Re: false hit recovery?

From: Alex Rousskov <rousskov@dont-contact.us>
Date: Tue, 24 Nov 1998 15:54:52 -0700 (MST)

On Tue, 24 Nov 1998, Henrik Nordstrom wrote:

> True, but most users prefer a slow reply rather than a error.

Right. The timeout should be "large enough".

> Perhaps a more appropriate timeout here is to use a quite short timeout
> for each individual sibling queried to quickly skip the siblings that
> are slow to respond, or perhaps a combination to allow more peers to
> be probed when the network is fast and fewer probes if things slow down.

Hmm.. That sounds more like an ICP. I do not think such a complex scheme is
really needed. A simple round-robin with a single global timeout would
suffice, IMO. We can "improve" the algorithm later.

> We should not stop trying until we have no further things to try.

OK. If "further" means "guaranteed servers". The algorithm outlined does
exactly that.

> That is
> why we need to cycle throught the non-responding (or "overloaded")
> "guaranteed" servers a few times before giving up. This is primarily
> the origin server, but also parents to some extent.

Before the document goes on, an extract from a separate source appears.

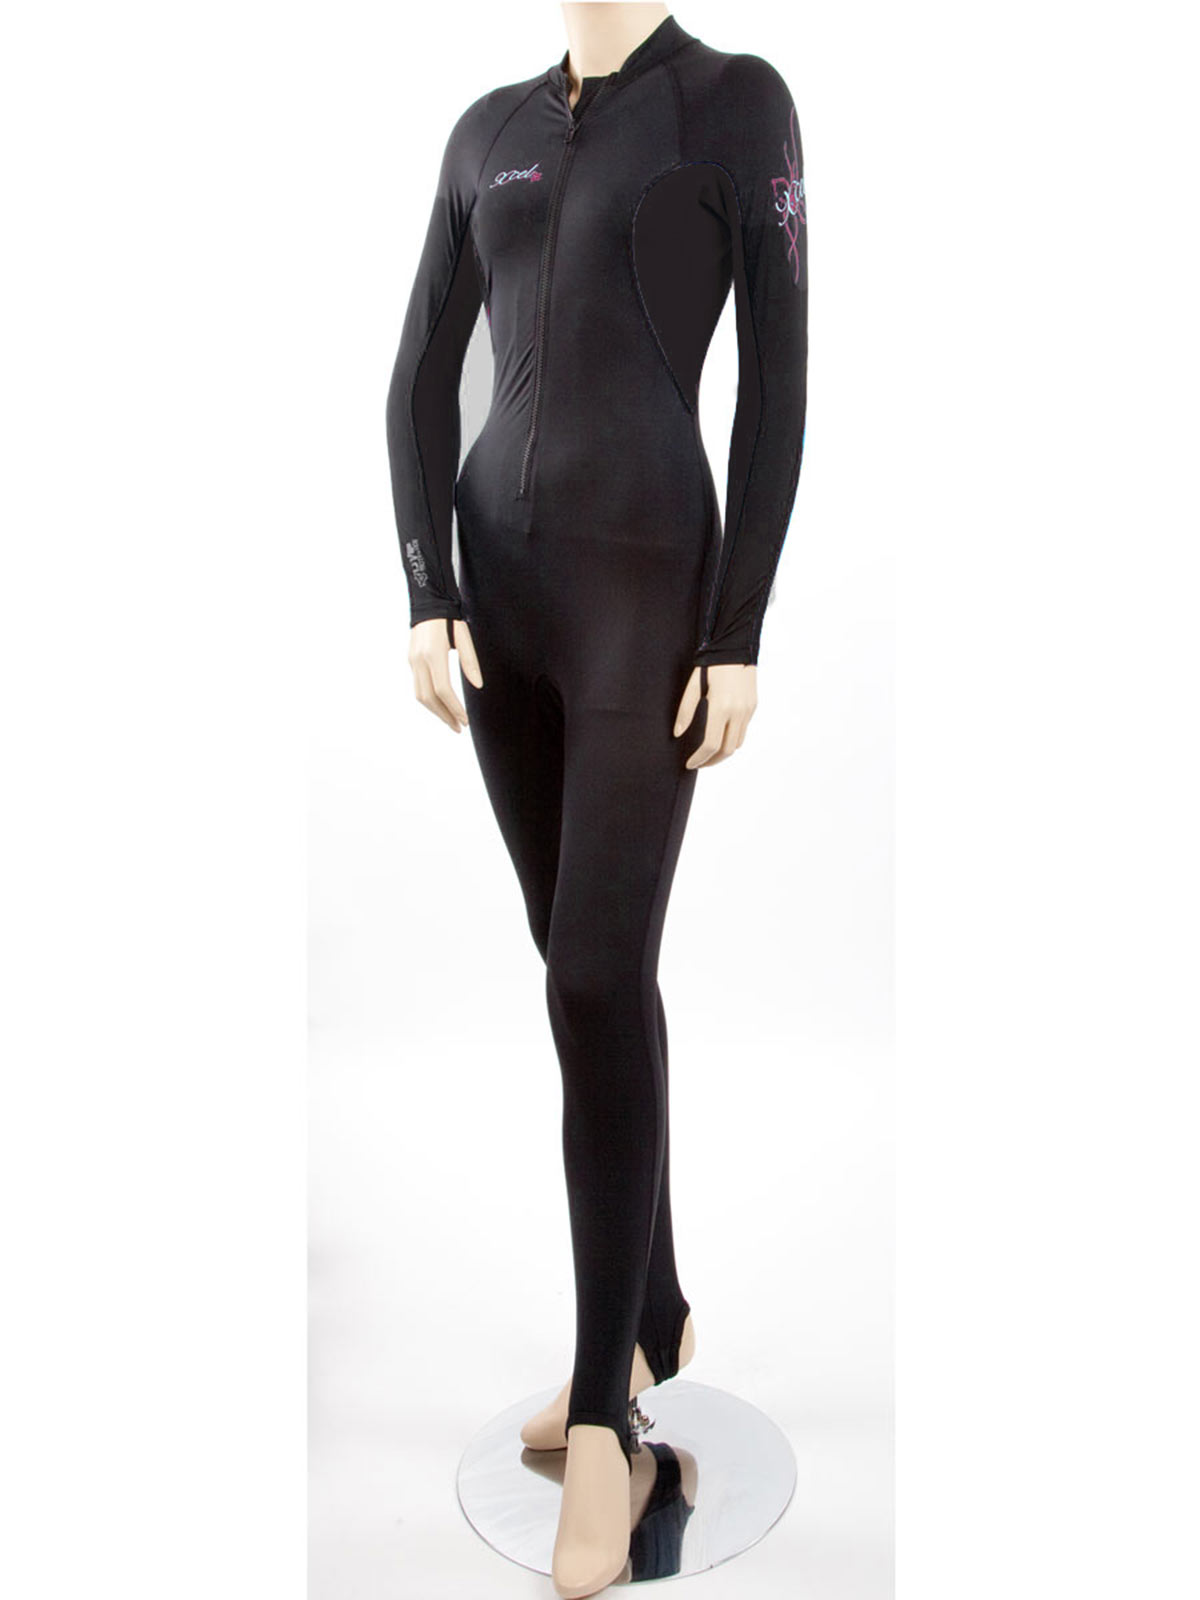 Xcel-Womens-Lycra-Dive-Skin-Full-Body-Suit-for-Scuba-Snorkel-Swim-Layering

This assumes the object may magically appear on a server. Probably useful for
errors other than false hits (I was not trying to fix those).

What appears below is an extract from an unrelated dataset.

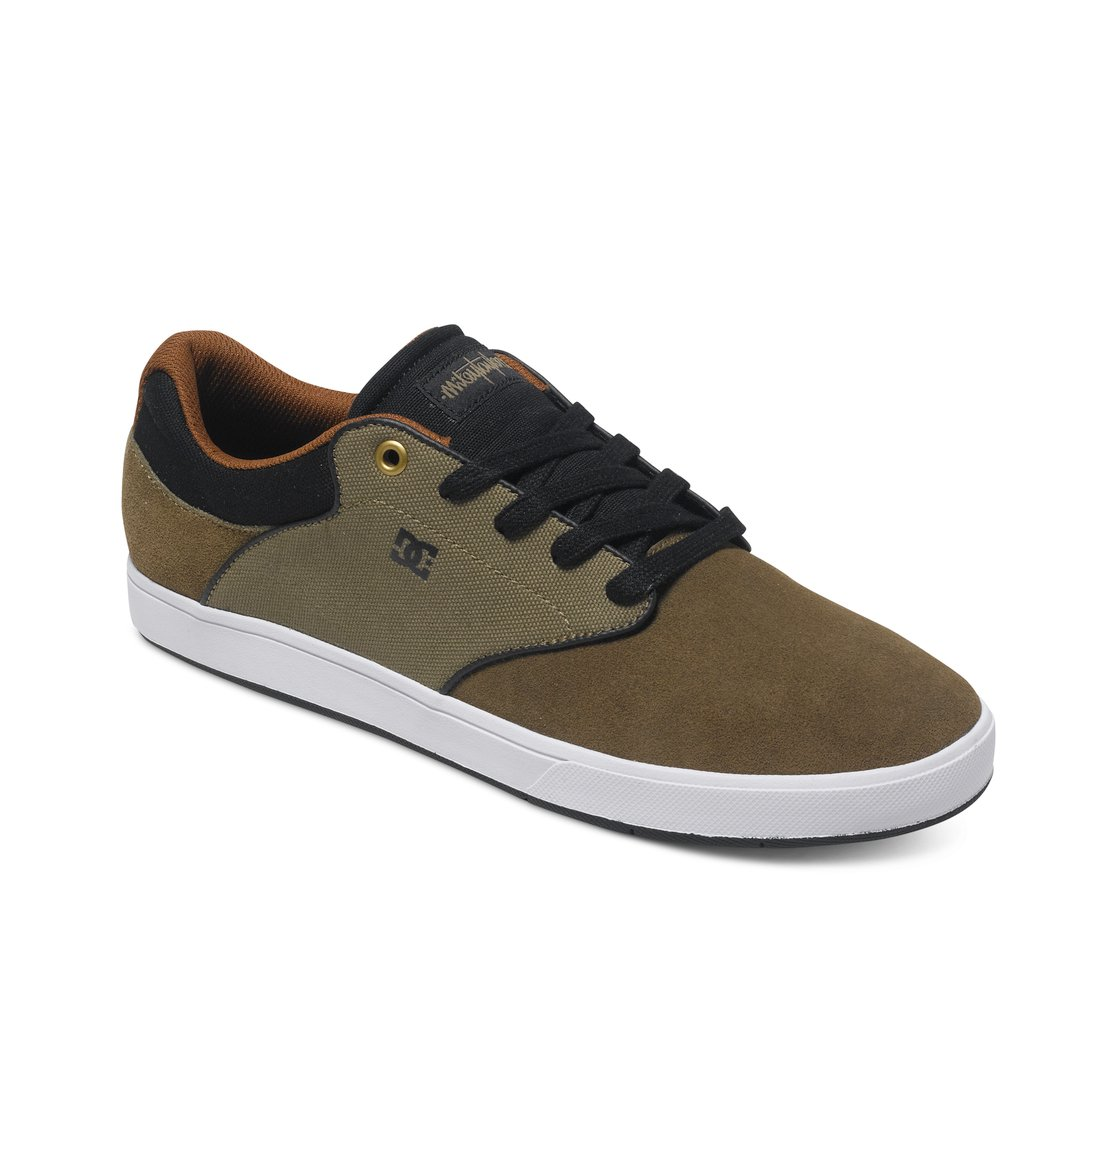 Купить Обувь для скейтборда   Mikey Taylor S

Thus, if we get a false hit, we eliminate that server from a list. If we get
some "recoverable" error, leave the server in the list. The only change in
the pseudo-code would be to "break" the loop if (timeout-expired and
search-wrapped). The latter condition is equivalent to "all servers have been
tried at least once".
 
> And don't forget that one origin server may have any number of IP
> addresses that needs to be tried.

Hmm.. Not important for false hits, but maybe needed for IP- or reachability-
related errors and such. A "server list iterator" should be HTTP-headers- and
timeout-aware to handle all those in a uniform fashion.
 
> I think only one header listing false hit servers should be enought
> here. Assuming that each server keeps track of which of it's peers that
> is alive or dead. We also need an option to filter this list at
> border connections where organisational privacy may be a issue.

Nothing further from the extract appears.